[Start of section]

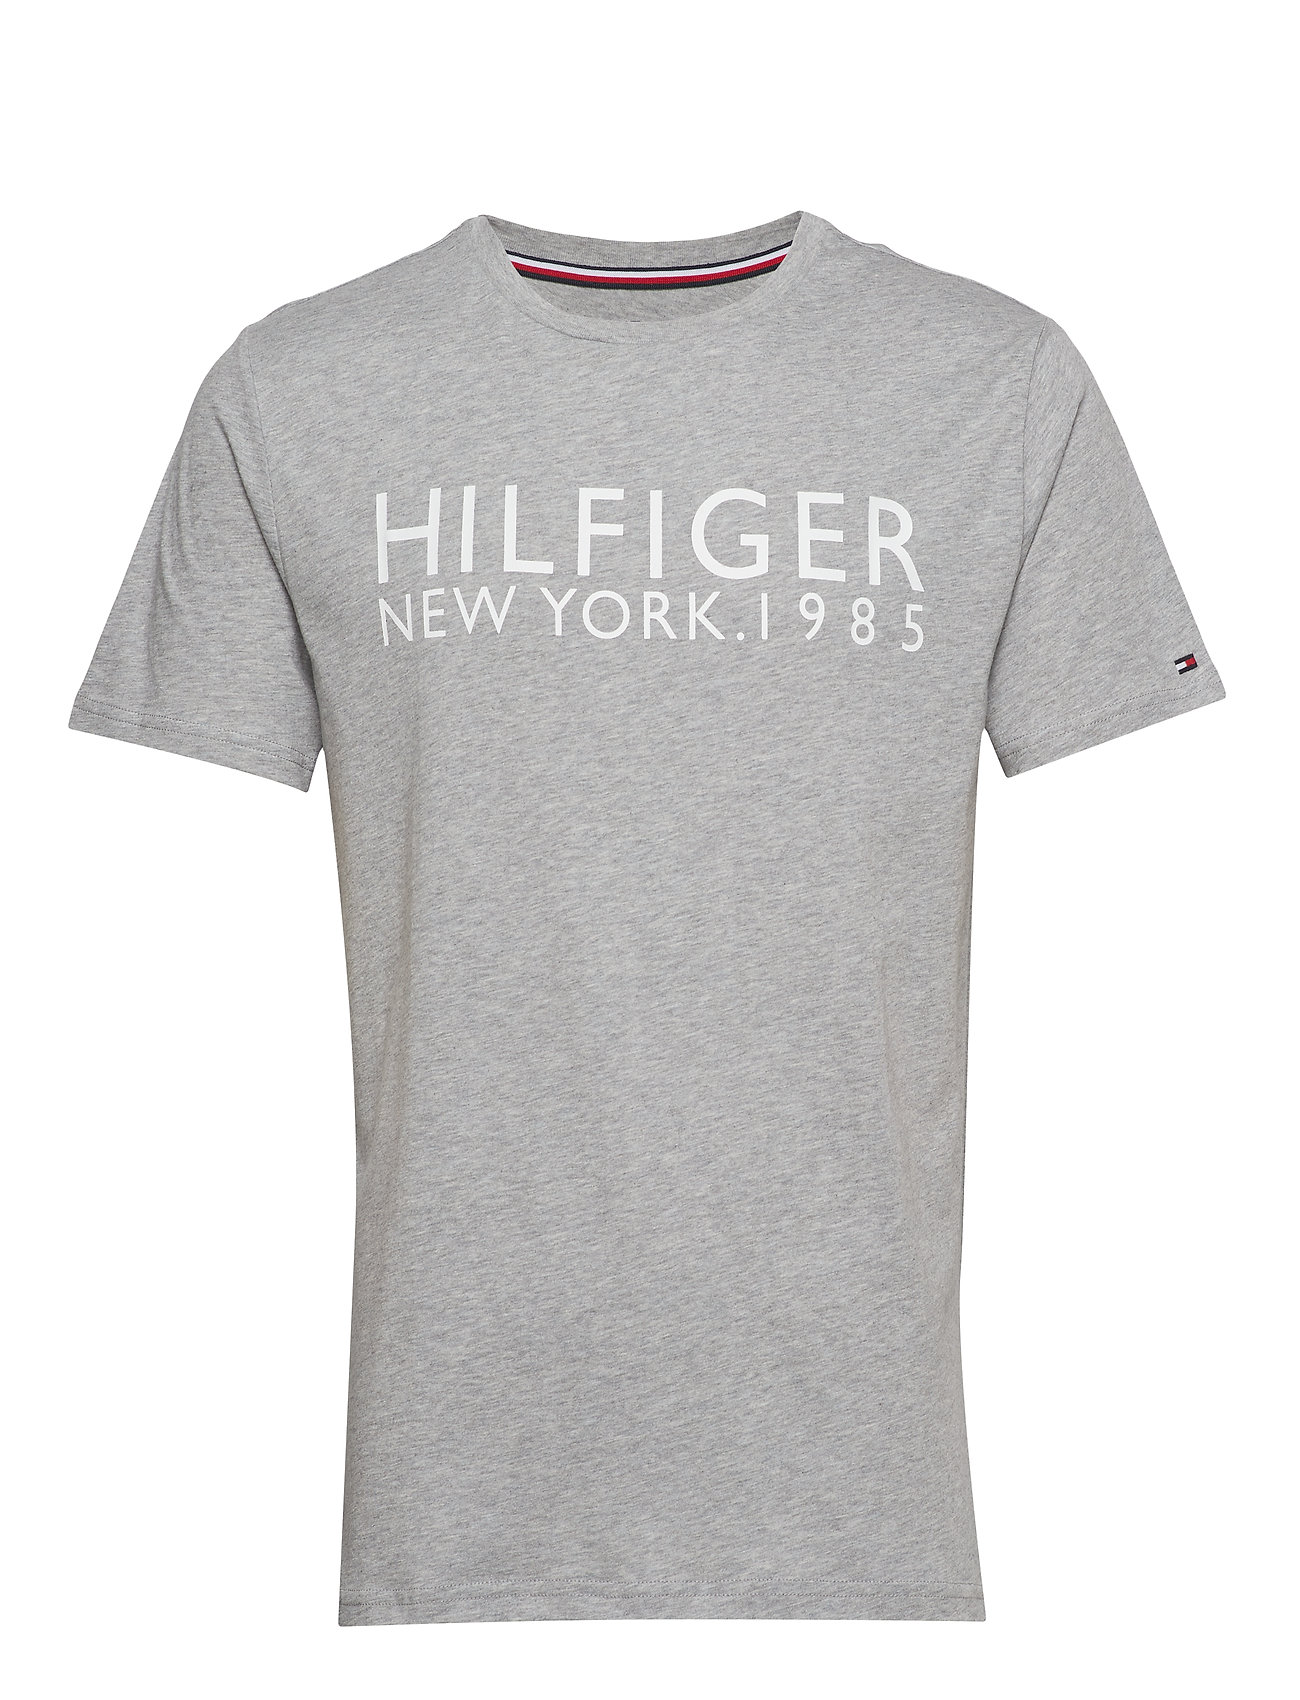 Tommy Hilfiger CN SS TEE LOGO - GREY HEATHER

[End of section]
[Start of section]

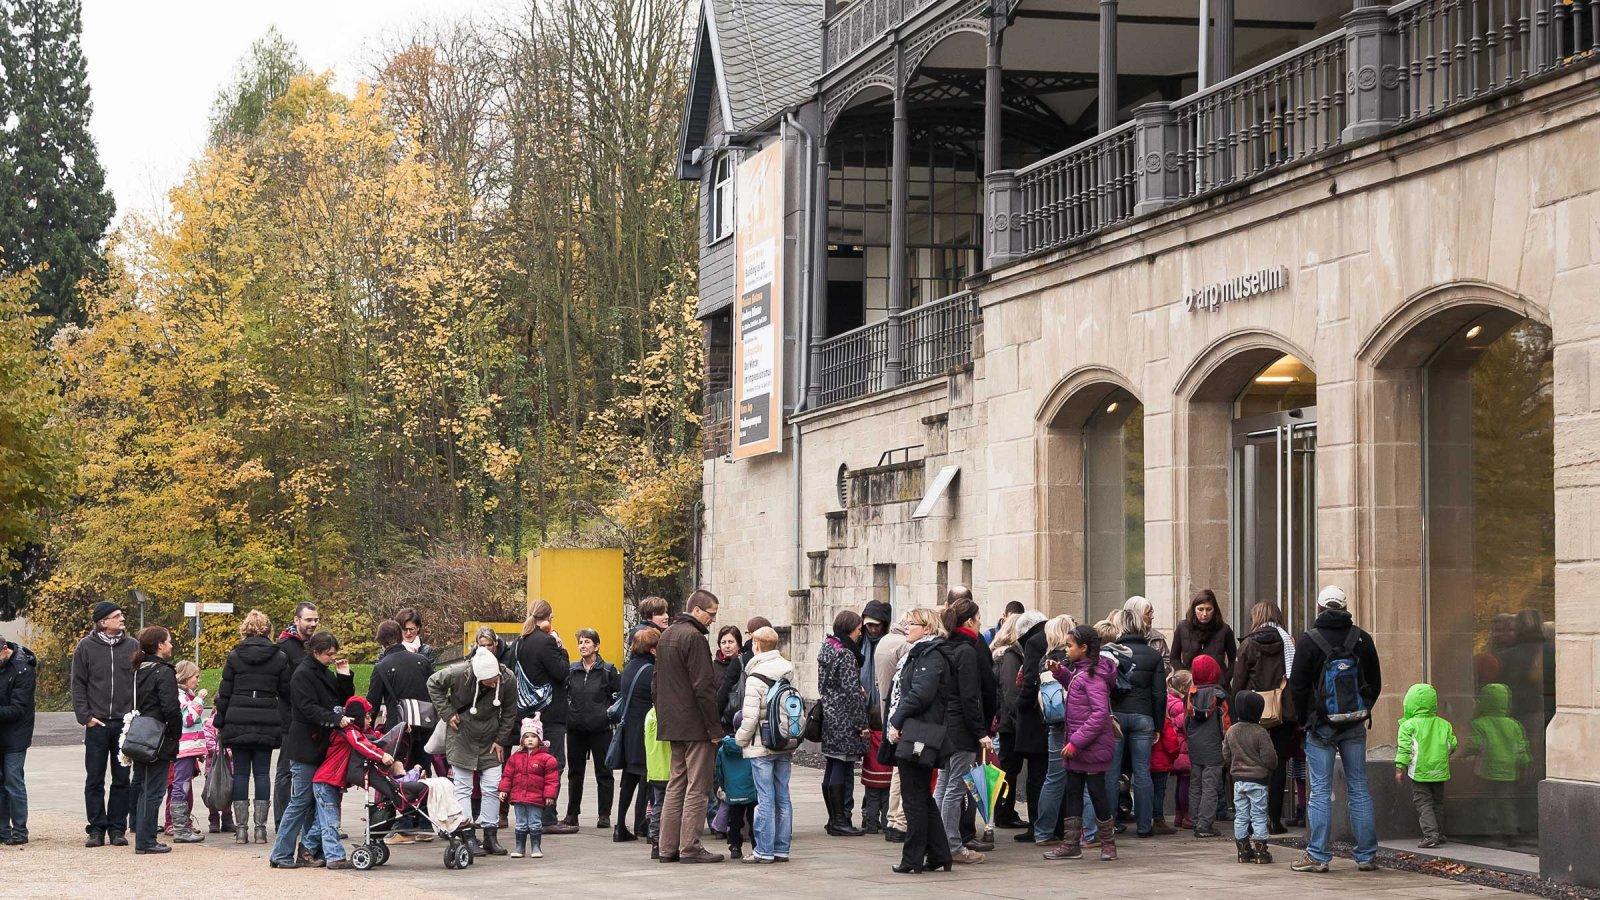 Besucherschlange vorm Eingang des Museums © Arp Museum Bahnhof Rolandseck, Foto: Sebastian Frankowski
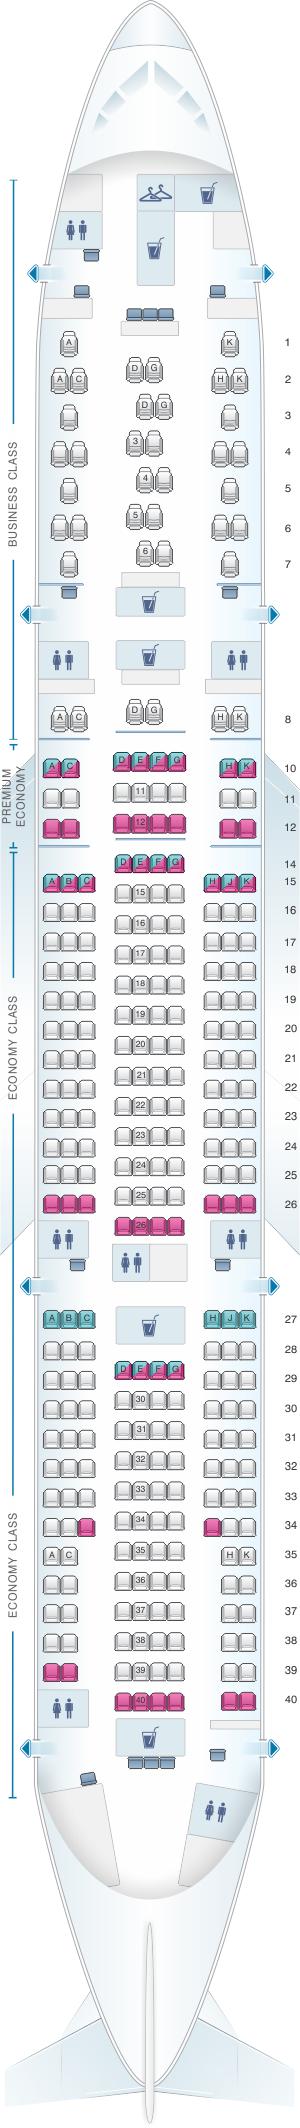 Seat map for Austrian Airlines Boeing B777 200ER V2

[End of section]

▸ **Task goal**
Work from the entries above. Set down exactly and only the lines from the line with "Besucherschlange vorm Eingang" to the line with "Seat map for", both included, and leave the pictures out.

▸ **Exercise result**
 Besucherschlange vorm Eingang des Museums © Arp Museum Bahnhof Rolandseck, Foto: Sebastian Frankowski
 Seat map for Austrian Airlines Boeing B777 200ER V2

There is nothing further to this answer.